# Task to complete:
The records that follow are to be repeated exactly, with the pictures removed.

# Data provided:
──────

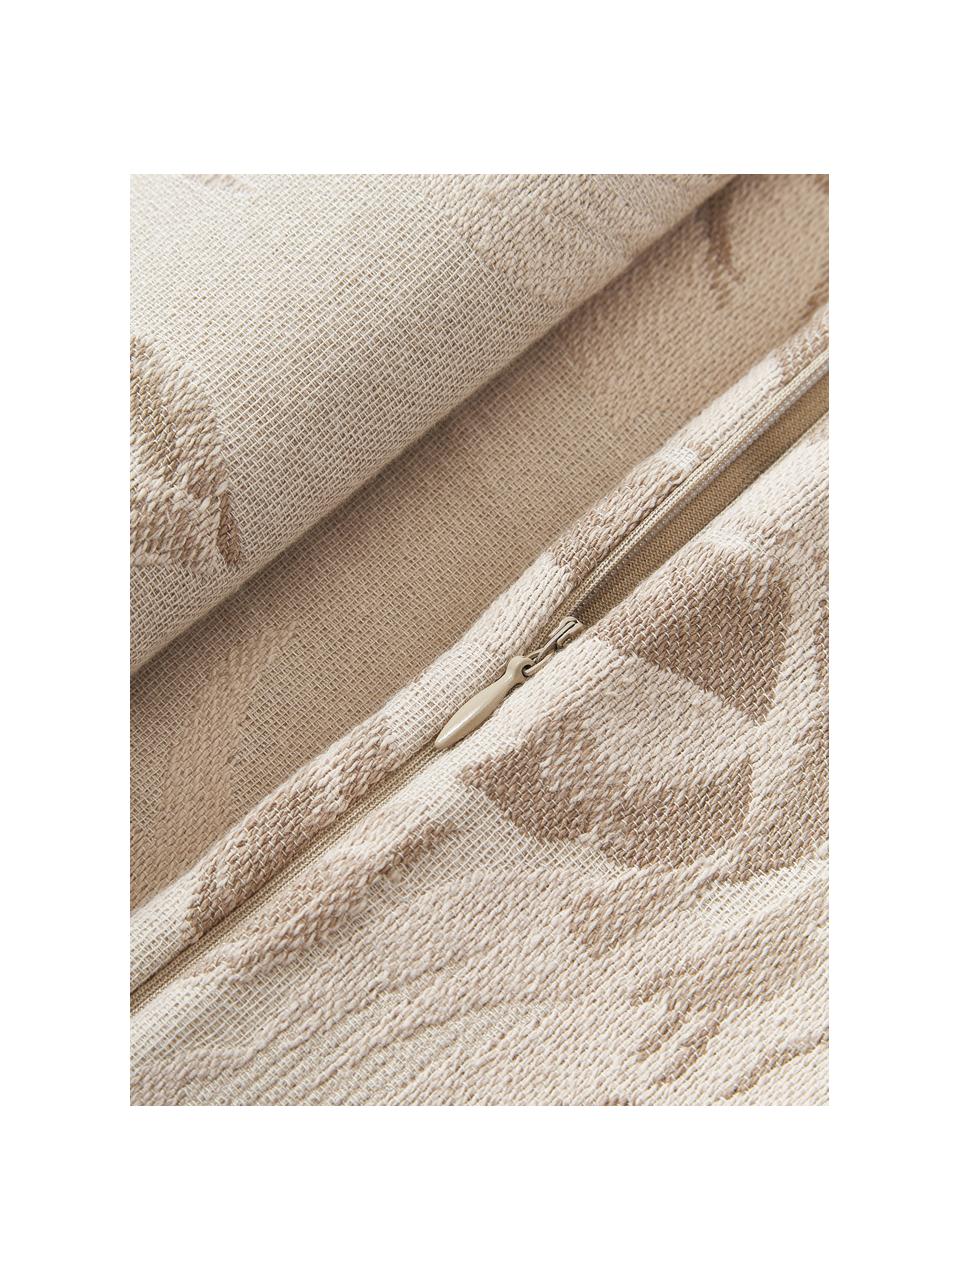 Baumwoll-Kissenhülle Breight mit gewebtem Jacquard-Muster, 100 % Baumwolle, Hellbeige, Braun, B 50 x L 50 cm
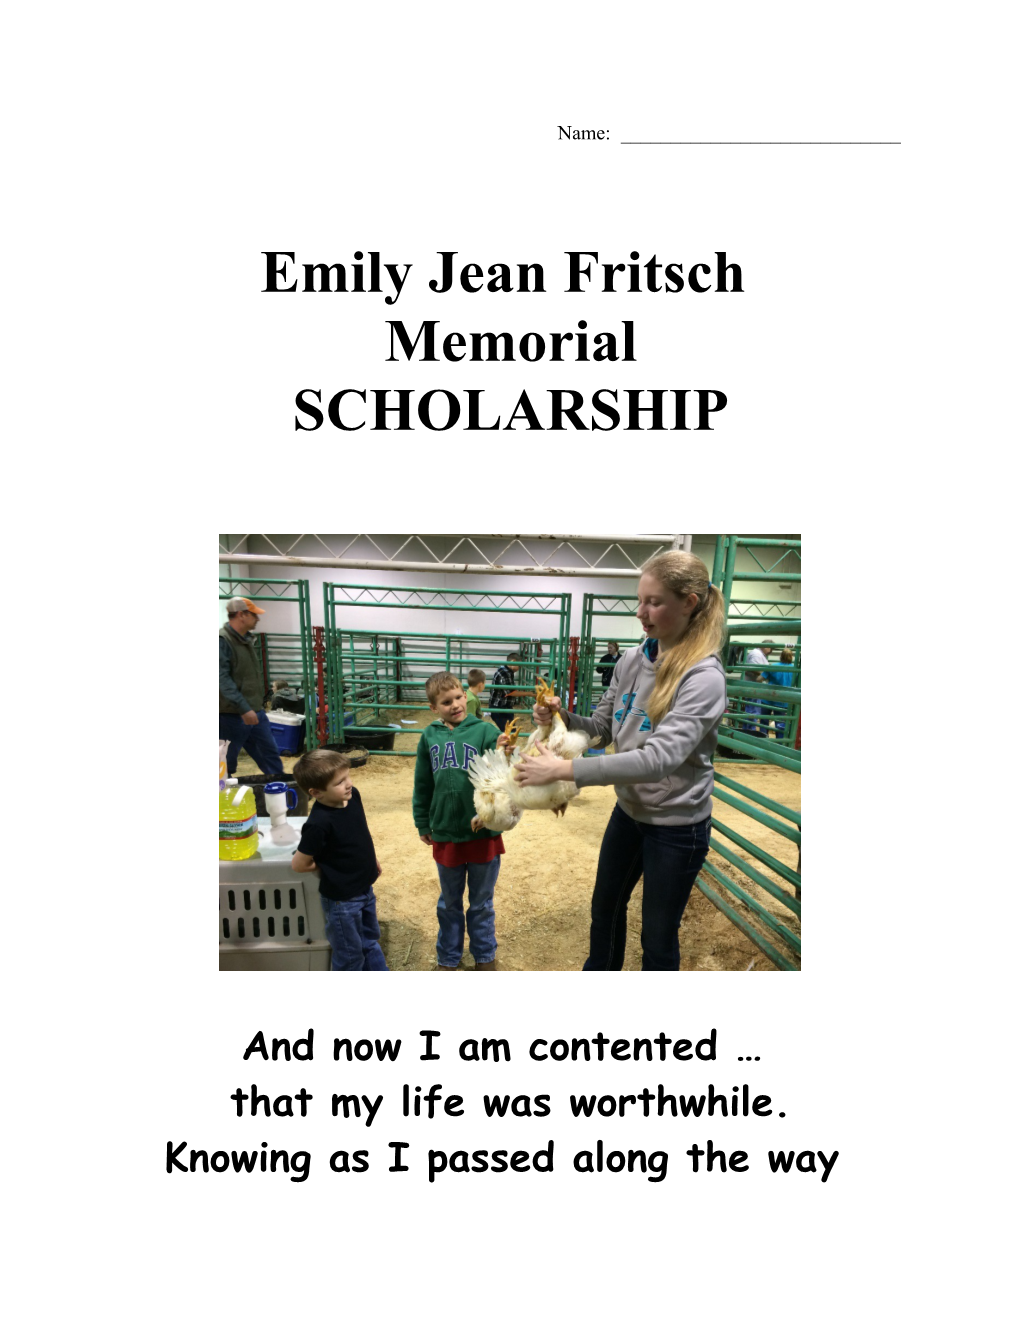 Emily Jean Fritsch
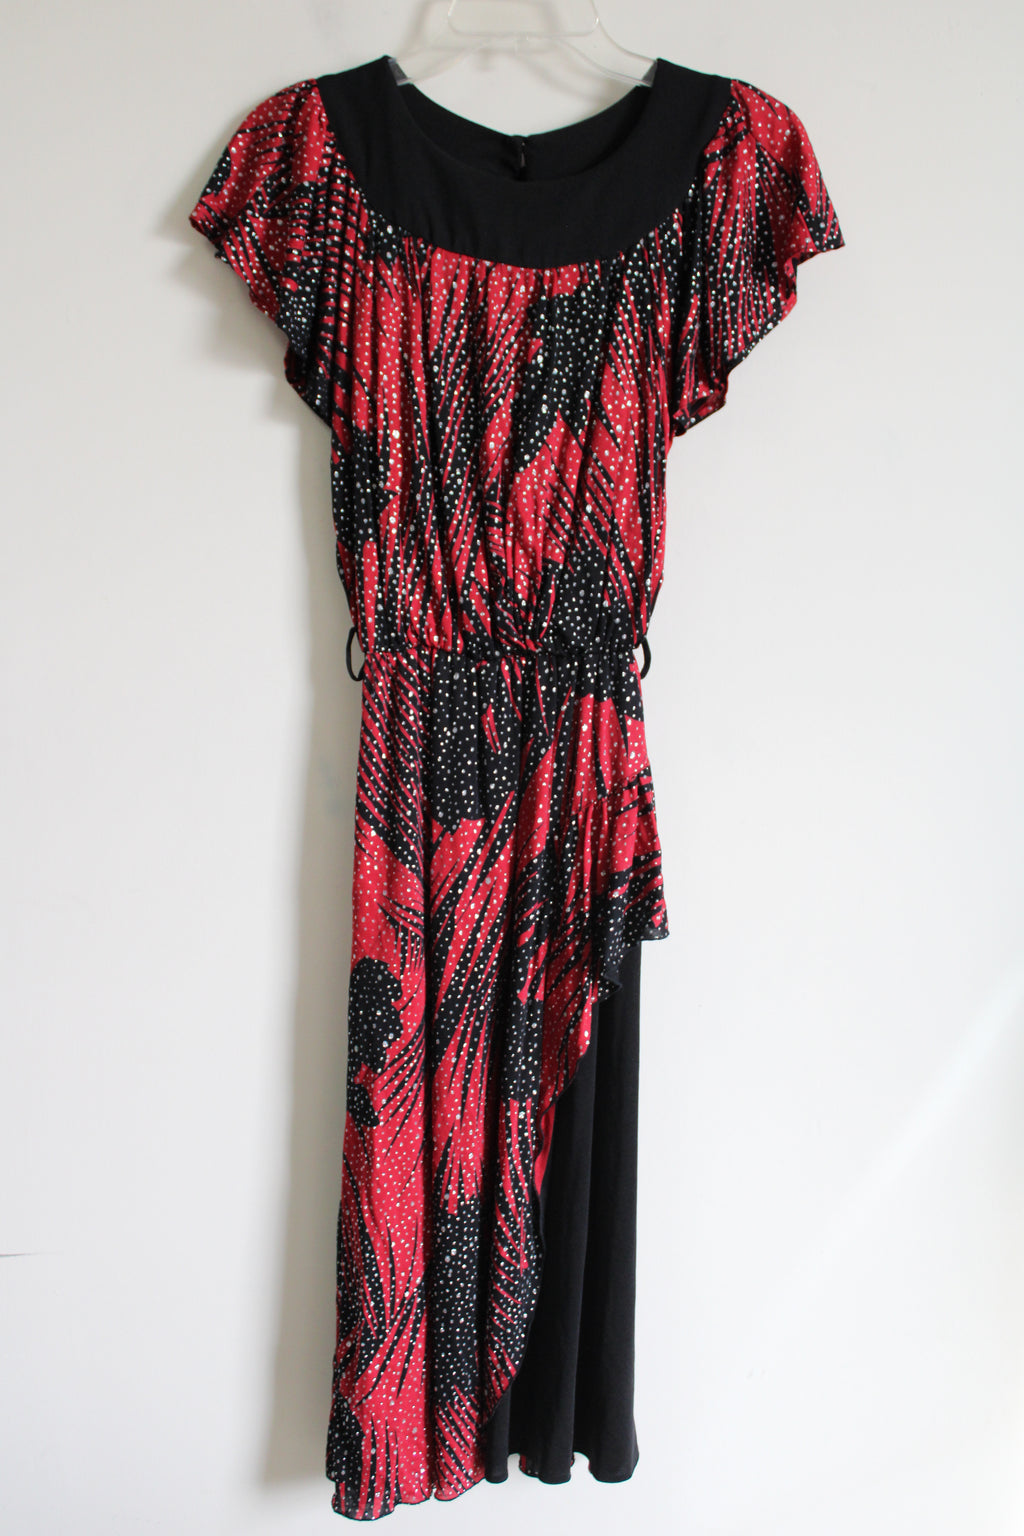 StepJo Paris Red & Black Shimmer Dress | S
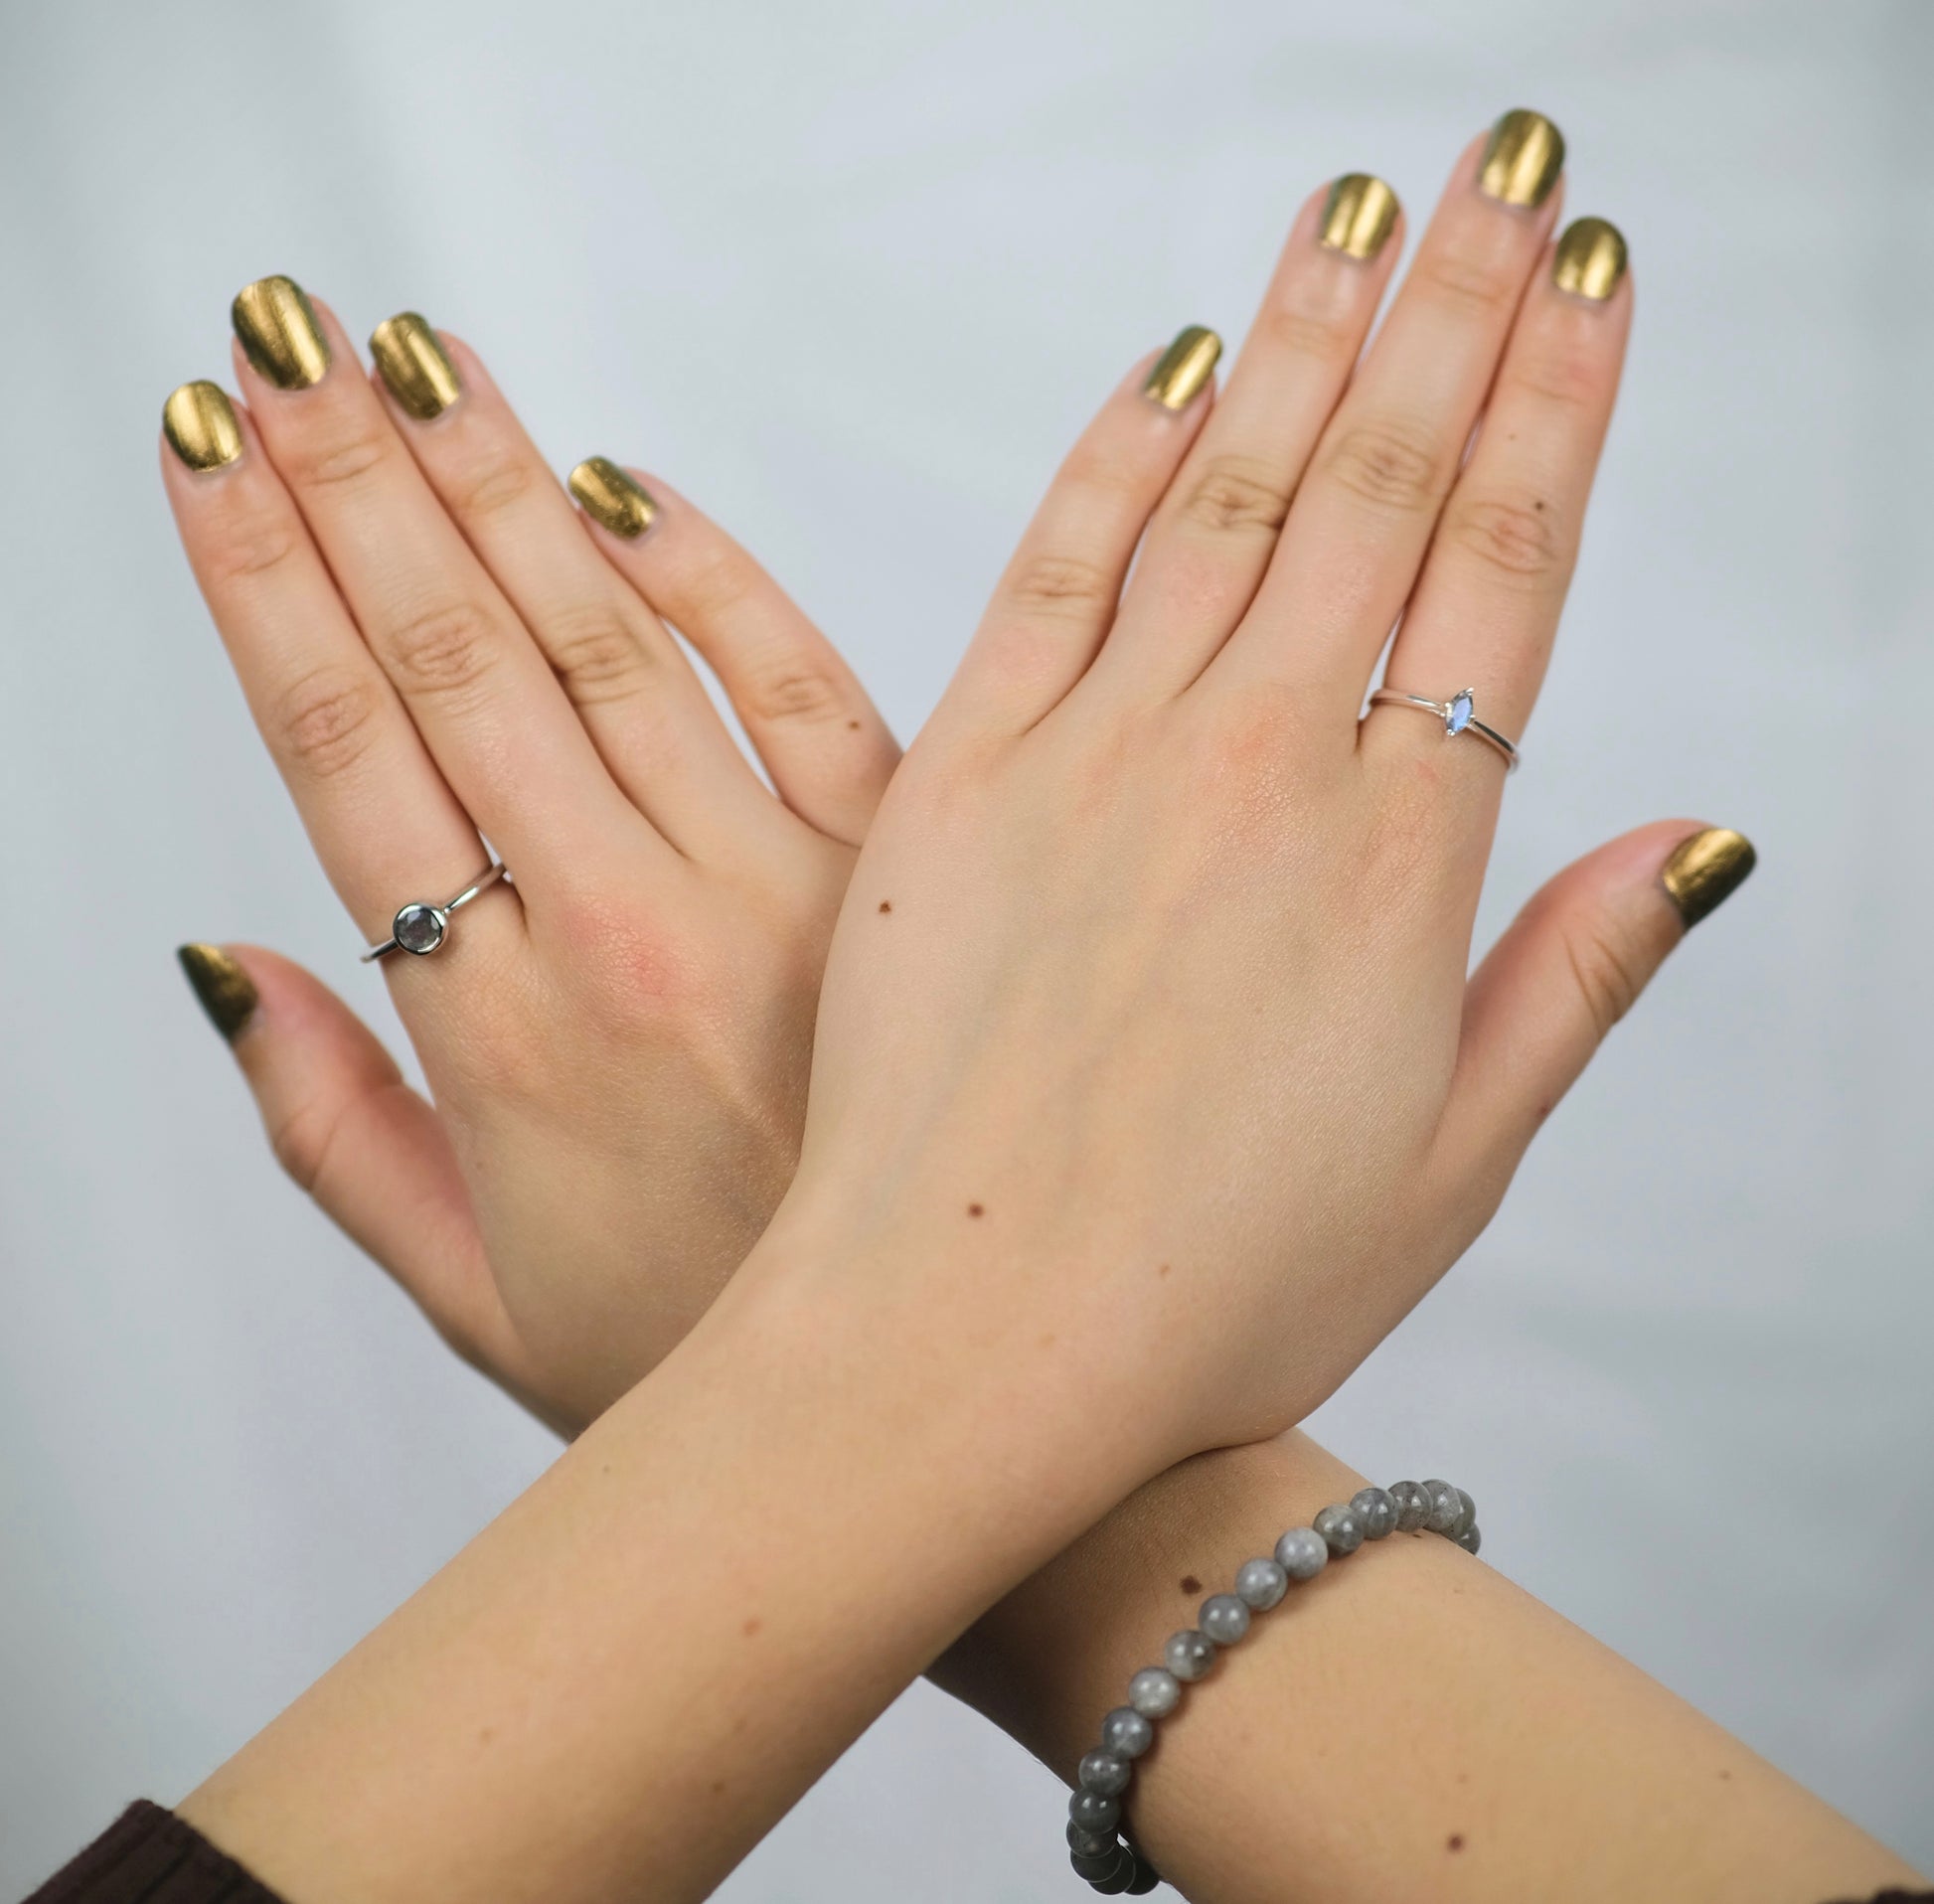 A model wearing labradorite gemstone rings and a bracelet
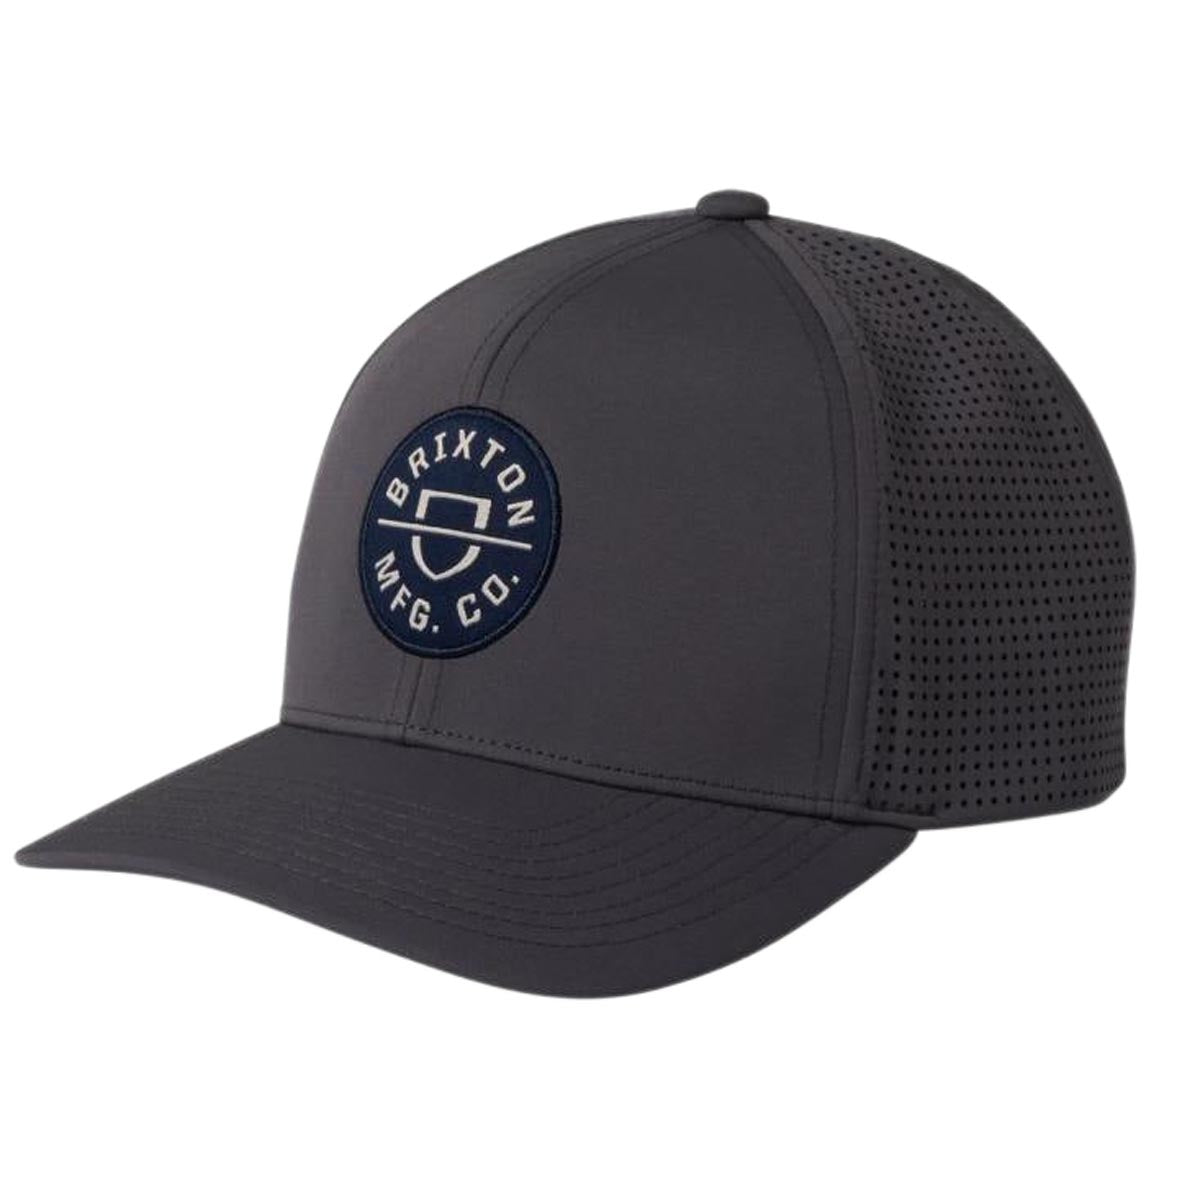 Brixton Crest X Mp Snapback Hat - Charcoal/Navy image 1

──────

# Written solution:
 Baumwoll-Kissenhülle Breight mit gewebtem Jacquard-Muster, 100 % Baumwolle, Hellbeige, Braun, B 50 x L 50 cm
 Emily Jean Fritsch
 StepJo Paris Red & Black Shimmer Dress | S
 A model wearing labradorite gemstone rings and a bracelet
 Brixton Crest X Mp Snapback Hat - Charcoal/Navy image 1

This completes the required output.